Ella respiró hondo el aire gélido y, mirando a la casa por encima del hombro, se sacó de debajo de la chaqueta de punto un rollo de papel que le depositó a la fuerza en la mano.
– Tú sabrás qué hacer con esto -era un cuaderno escolar, con las tapas anaranjadas y los cantos doblados. Él hizo ademán de retirar el elástico que lo mantenía enrollado, pero ella le puso la mano sobre la suya-. No -dijo-, léelo en el avión.
– ¿Cómo lo has conseguido?
– Me lo envió ella, la tal Moran, pobrecilla. Sabe Dios por qué. No había vuelto a verla desde que Phoebe era muy pequeña.
Él asintió.
– Ella se acordaba de ti -le dijo-. Preguntó por ti. Dijo que habías sido bondadosa con ella -se guardó el cuaderno, aún enrollado, en el bolsillo del abrigo-. ¿Qué quieres que haga con esto? -preguntó.
– No lo sé. Lo que sea preciso.
– ¿Lo has leído?
– No todo. Lo suficiente, lo que pude soportar.
– Entiendo. Entonces, lo sabes.
Ella asintió.
– Sí, lo sé.
Él respiró hondo y notó la mordiente del aire frío en los pulmones.
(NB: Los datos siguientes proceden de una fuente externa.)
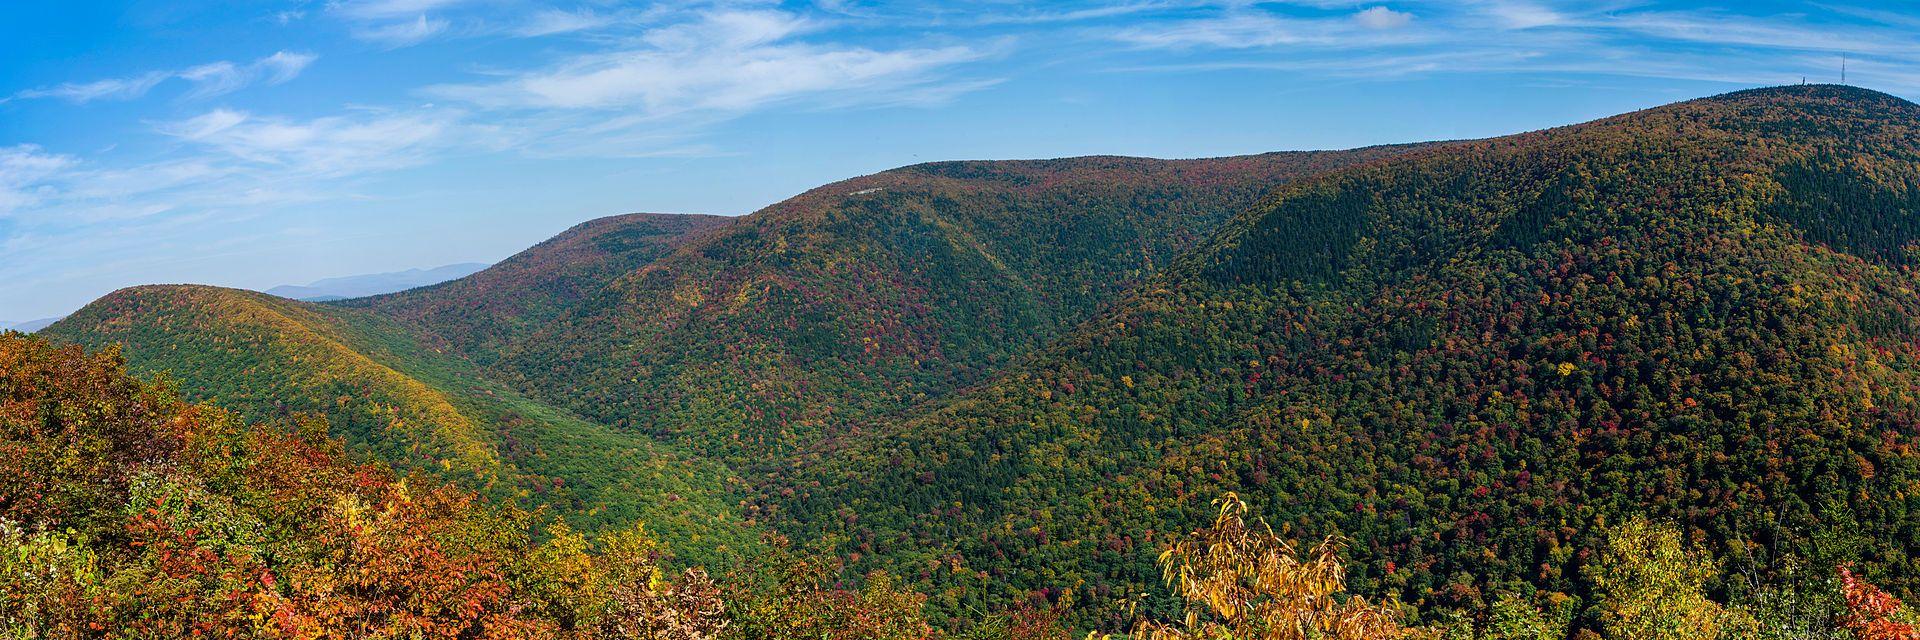 Mount Greylock The Tallest Peak In Massachusetts Oc 2000x700 Landscape Photographers Natural Landmarks Welcome To Hogwarts

– Si hago con esto lo que yo creo que se debe hacer -dijo, y procuró medir sus palabras-, ¿sabes cuáles serán las consecuencias?
– No. ¿Y tú?
– Sé que la cosa se pondrá fea. ¿Y Mal?
– Ah -dijo ella-, Mal podrá subsistir. A fin de cuentas, fue el menos implicado.
– Yo creía que… -calló.
– Tú creías que Mal era el padre de la hija de esa infortunada mujer. Sí, sé que eso es lo que creías. Por eso quise que hablaras con él. Pensé que él te diría cómo habían sido las cosas en realidad. Pero ni por ésas, claro que no. Es muy leal… con un padre que nunca le quiso. ¿No te parece irónico?
Callaron los dos entonces. Él pensó que debería besarla, pero supo que era imposible.
– Adiós, Sarah -le dijo.
– Adiós, Quirke -ella lo miraba a la cara con una tenue sonrisa, una sonrisa burlona-. A ti sí te quiso, ¿sabes? No, más bien, ahí está el quid. Nunca lo supiste.